--- GIVEN MATERIAL Enclosed Below ---

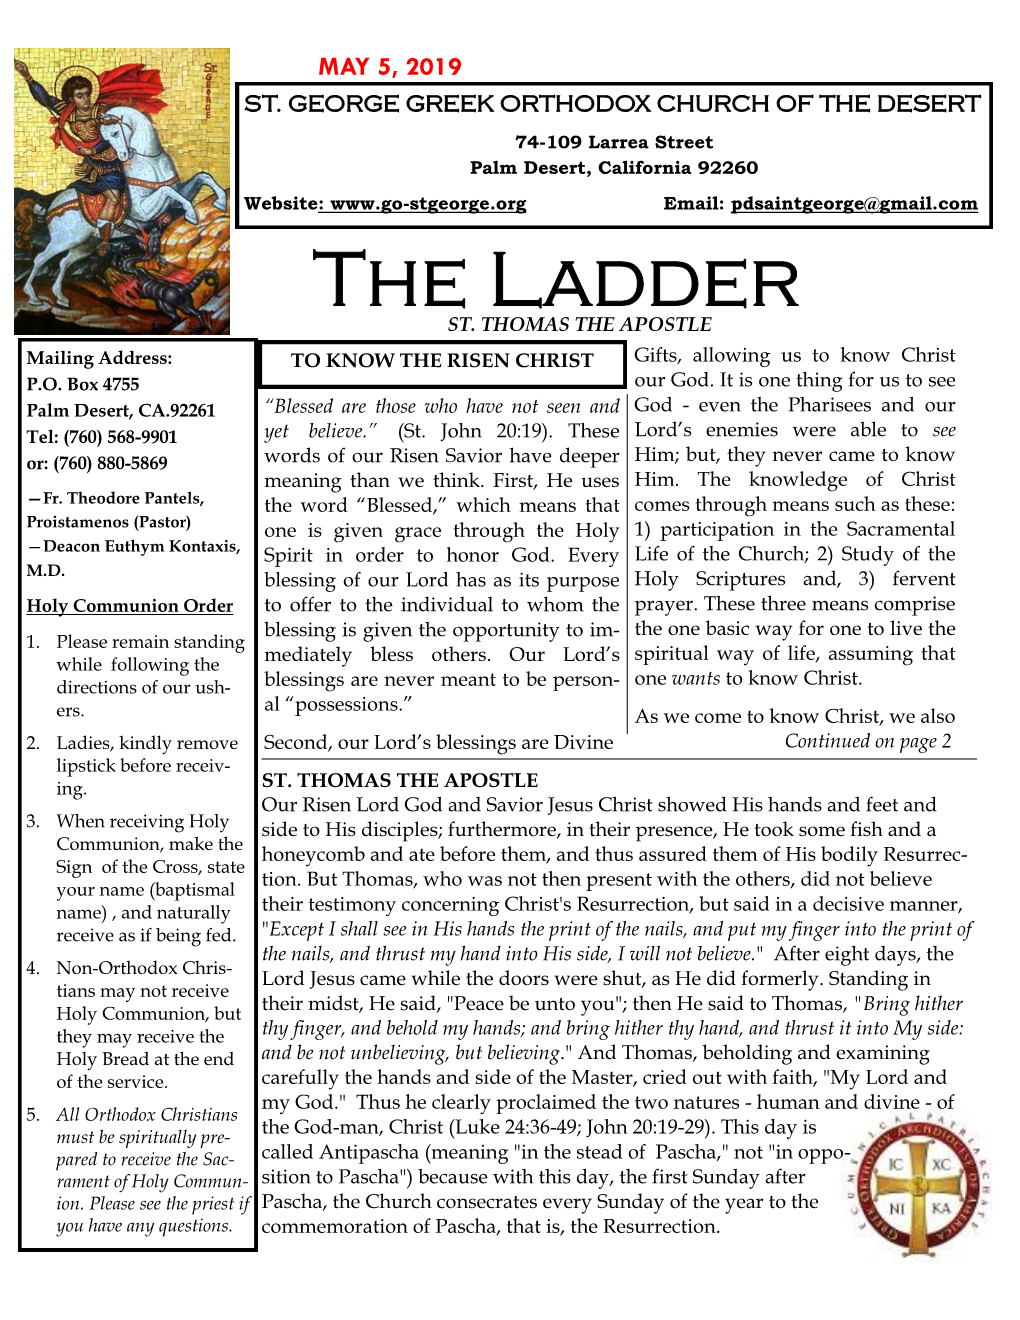 The Ladder ST
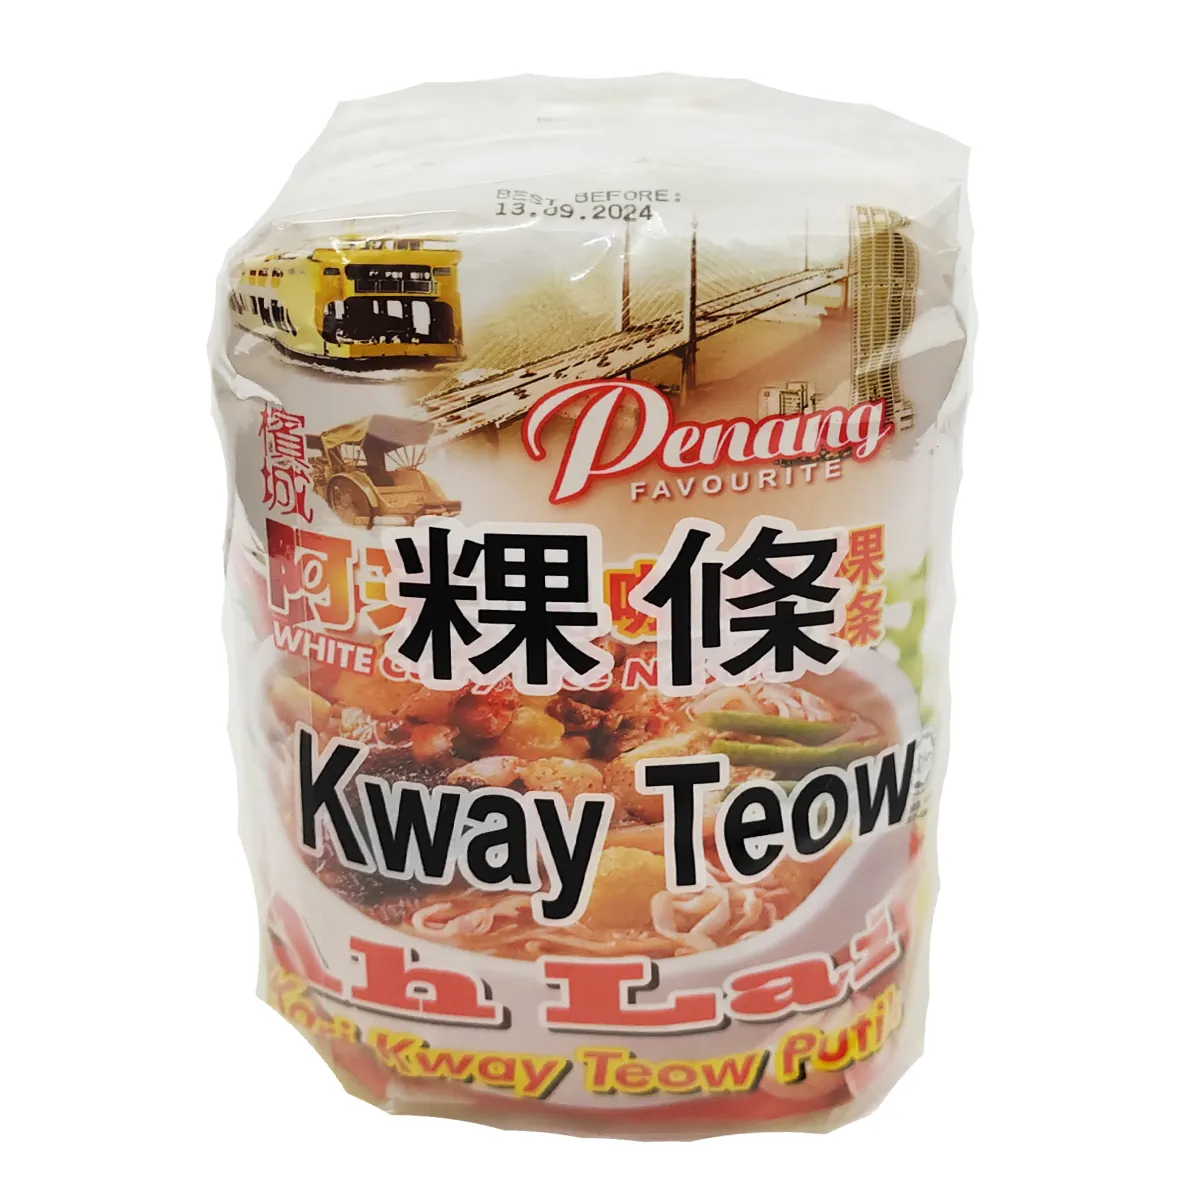 पेनांग आह लाइ सफेद करी Kway Teow चावल नूडल तुरंत नूडल में किए गए मलेशिया पेनांग स्वाद नूडल (95g x 4 पैक x 12 बैग)
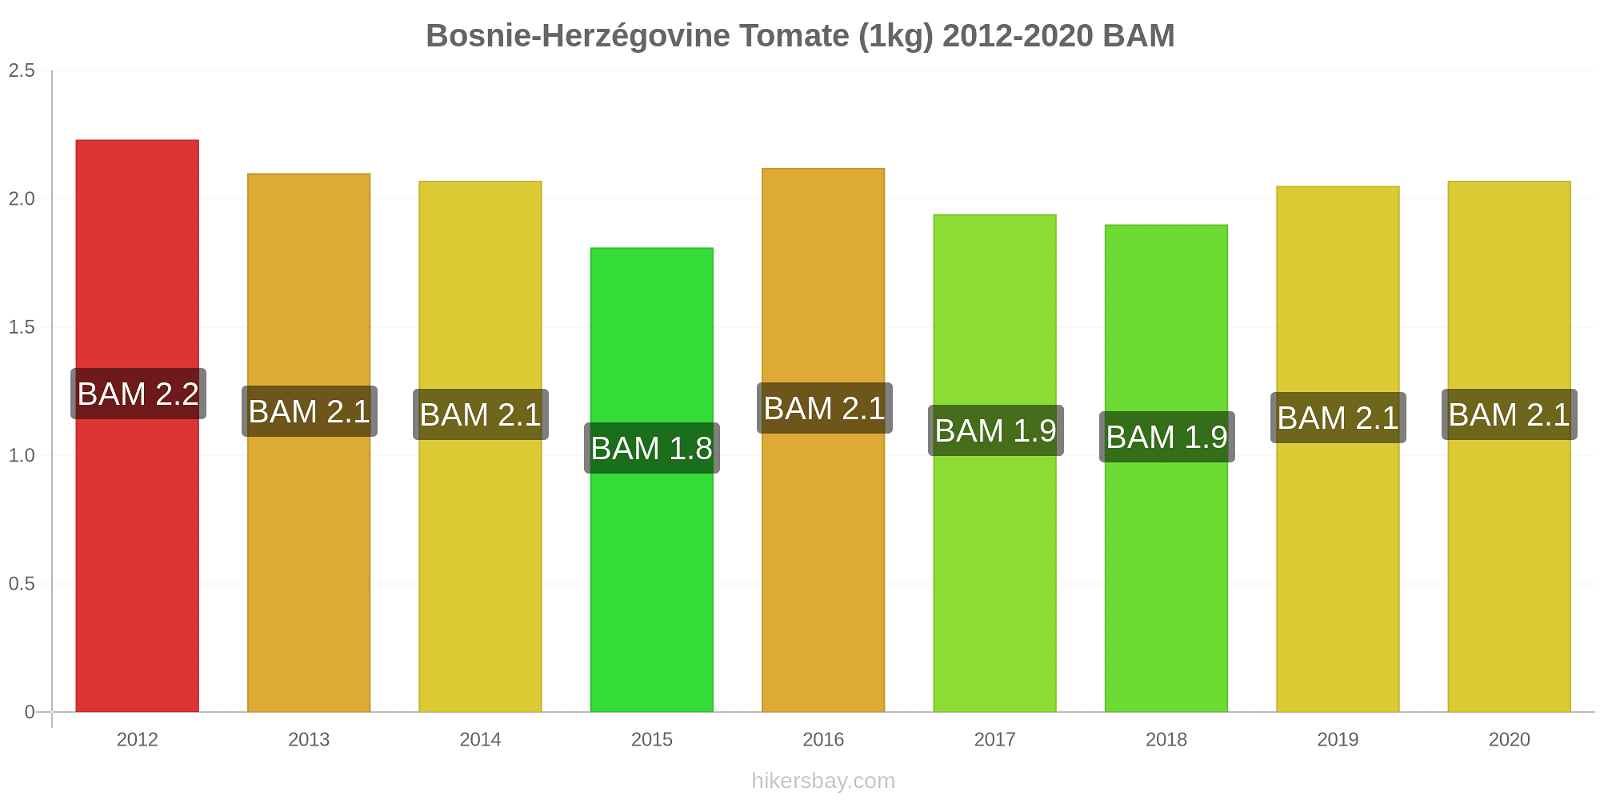 Bosnie-Herzégovine changements de prix Tomate (1kg) hikersbay.com

--- End of Enclosed GIVEN MATERIAL ---

• [TASK]:
Print, exactly and only, the lines running from the line with "पेनांग आह लाइ" through the last line of the data, including both. Skip any picture.

• [REPLY]:
 पेनांग आह लाइ सफेद करी Kway Teow चावल नूडल तुरंत नूडल में किए गए मलेशिया पेनांग स्वाद नूडल (95g x 4 पैक x 12 बैग)
 Bosnie-Herzégovine changements de prix Tomate (1kg) hikersbay.com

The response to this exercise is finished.